Given the extraordinary globalization of English, it's probably accurate to say that everybody, even native speakers, speaks English with an "accent". It's possible to identify people's nationalities by their accents, and with some practice to dive even deeper into their backgrounds; there is a distinctive Bostonian accent just as there is a distinctive Keralite accent, and I'm sure Sydney speaks a different variety of Strine than Perth does. But within the UK, the diversity is absolutely staggering. A native of the UK, born and bred in the country, will be able to place someone within a particular county, possibly even within a particular town in that county, based on shifts in accent or vocabulary that are entirely imperceptible to me. In the West Midlands, the "Brummie" Birmingham accent is supposedly different from the accent of the Black Country, just a few miles to the northwest—both are equally incomprehensible to me though, so I couldn't tell you what the differences are. Black Country English supposedly preserves some very archaic features of Early Modern English that have otherwise been lost in other forms; all I can say is I'm glad we don't all pronounce "horse" to rhyme with "arse"!

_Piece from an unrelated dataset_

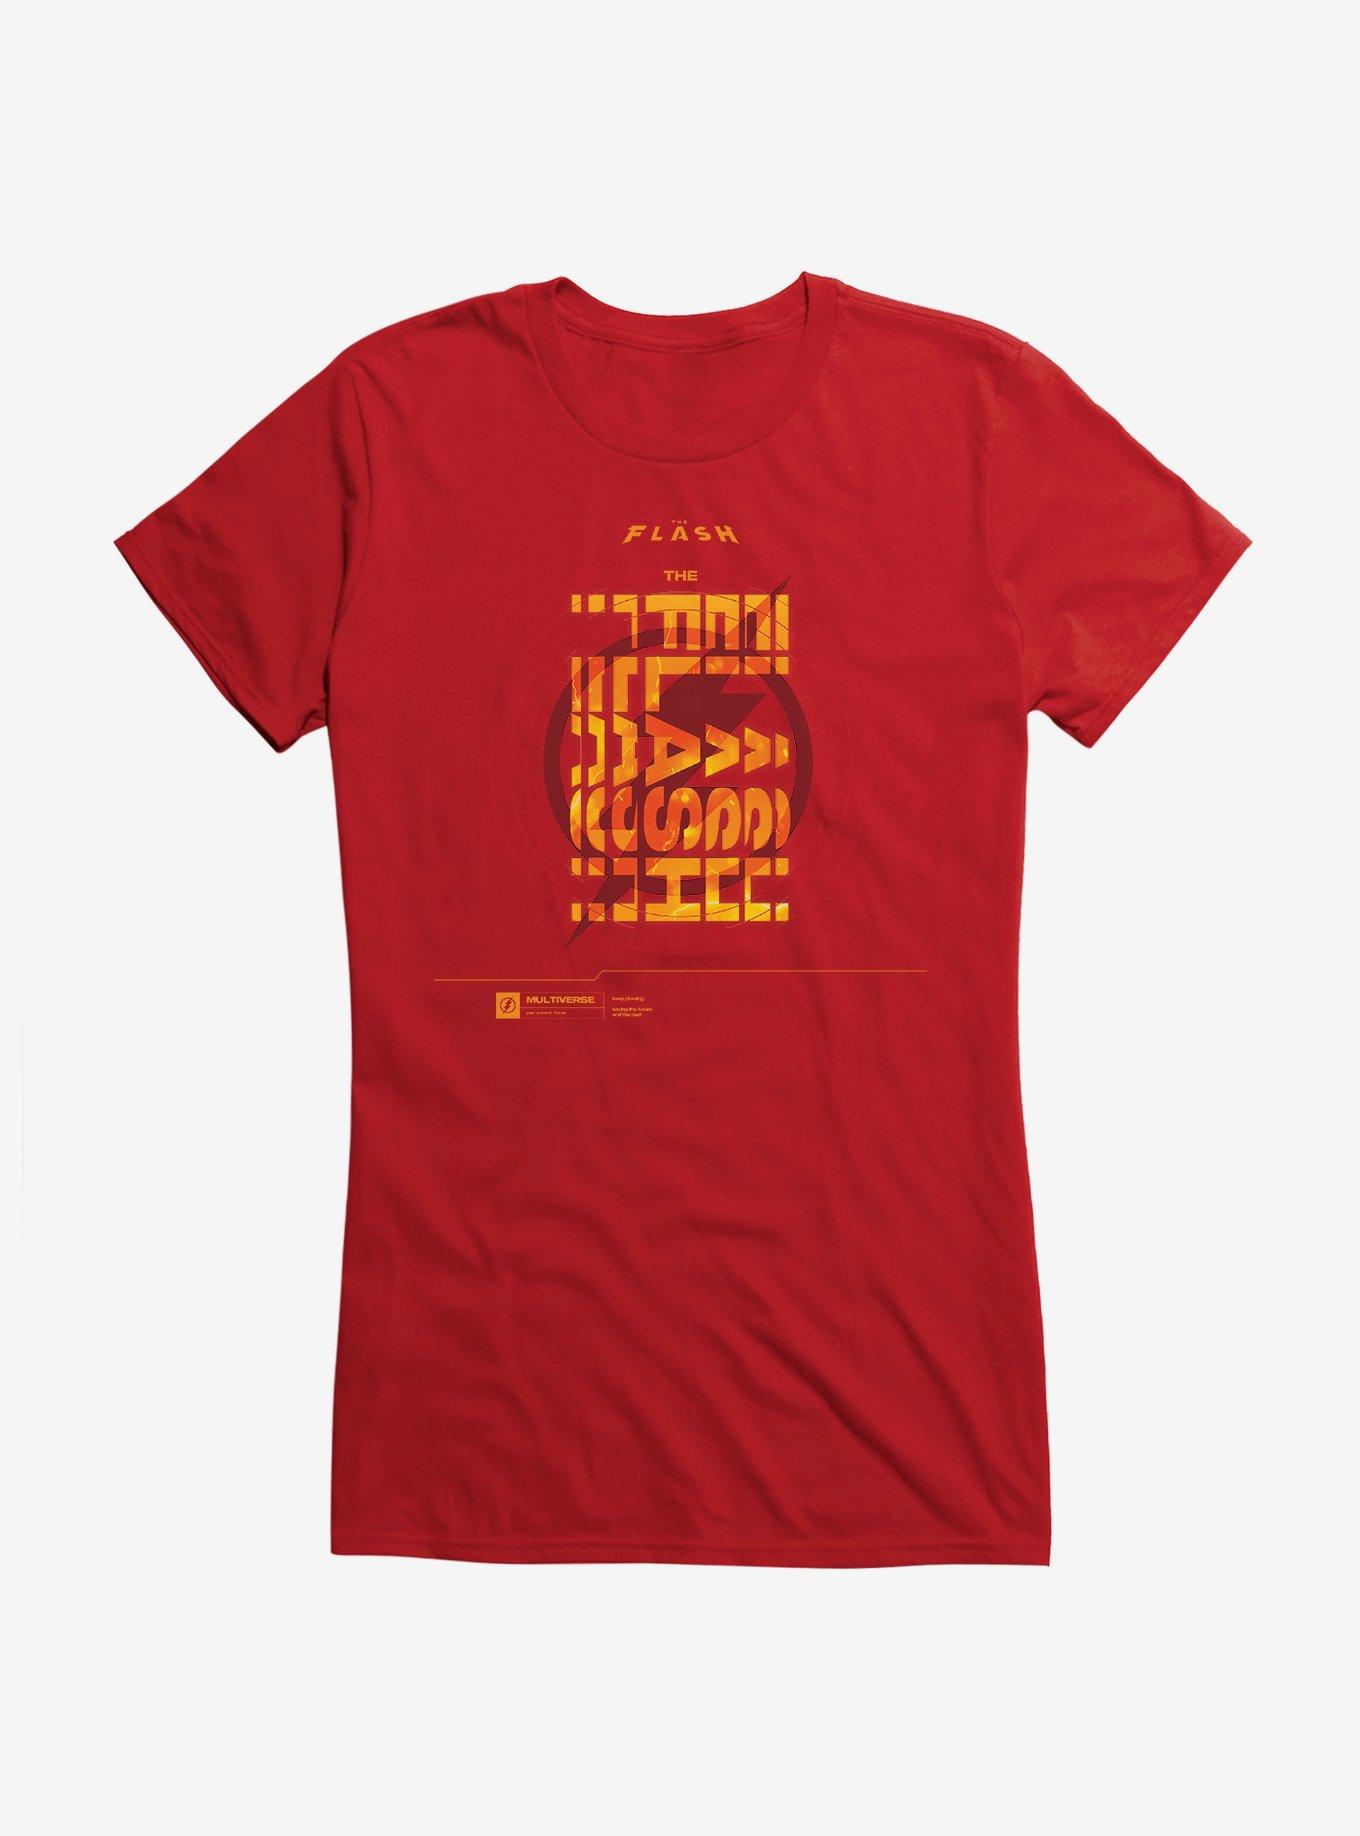 The Flash Multiverse Target Logo Girls T-Shirt, RED, hi-res

Sometimes these differences are so sharp that the natives are speaking a different language, for all intents and purposes. Now naturally the native speakers of these languages are unlikely claim that they speak a language different from English, which makes it difficult for us to continue calling them "languages"; I suppose we then have to call the more extreme accents "dialects". After all, "a language is a dialect with an army and a navy," to cite the quotation often, but wrongly, attributed to the linguist Max Weinreich. But the fact still remains that accents and dialects and languages are artificial, frequently political, distinctions that are externally imposed on what is in purely linguistic terms a spectrum.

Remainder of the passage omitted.